Privacy Policy – InnovationAbility

What data do we collect?

We collect the following data:

• The personal identification information you provide in the contact form (Name, email address and anything you add in the message section).
• We remember your responses to the cookie consent questions.
• If you allow the cookie, we save the language setting of the last page you viewed on our site to automatically use the same language the next time you visit our site.

Please note that the 3rd party services used on this site independently collect data in order to work correctly. You can find out more in the “Use of Third Party Services” section below.

How do we collect your data?

You directly provide us with most of the data we collect. We collect data and process data when you:
• Voluntarily complete a contact form.
• Use or view our website via your browser’s cookies.

How will we use your data?

We collect your data so that we can:
• Remember your privacy /cookie settings
• Email you in reply to your contact form request
• Ensure the website functions safely and correctly

How do we store your data?

We securely store the data you send us via the contact form using Microsoft 365 Business cloud-based software.
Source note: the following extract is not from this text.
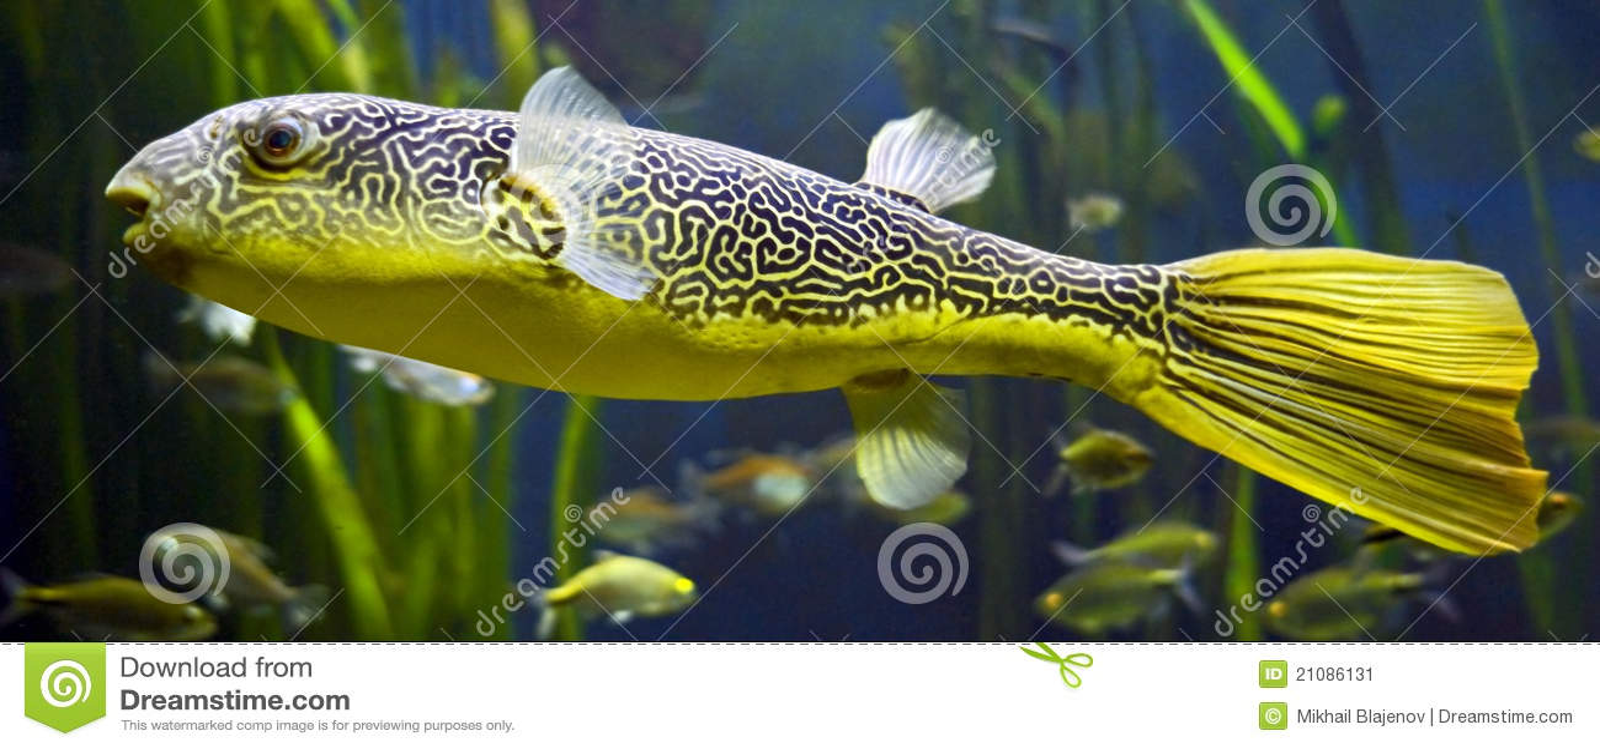 Freshwater Puffer 4 Stock Image Image Of Fish Puffer

Microsoft 365 uses industry-standard encryption for data transfers and “at rest” encryption for data stored in its data centres. Microsoft 365 conforms to many international standards for data security and protection (for example it is ISO 27001 certified).

We will keep the data you entered in the contact form for no longer than necessary. We will regularly review whether we have maintained correspondence (discussions, questions, propositions) with you. If we find that we have not been in contact for over 1 year we will delete your data (remove all old emails, delete your details from our address book).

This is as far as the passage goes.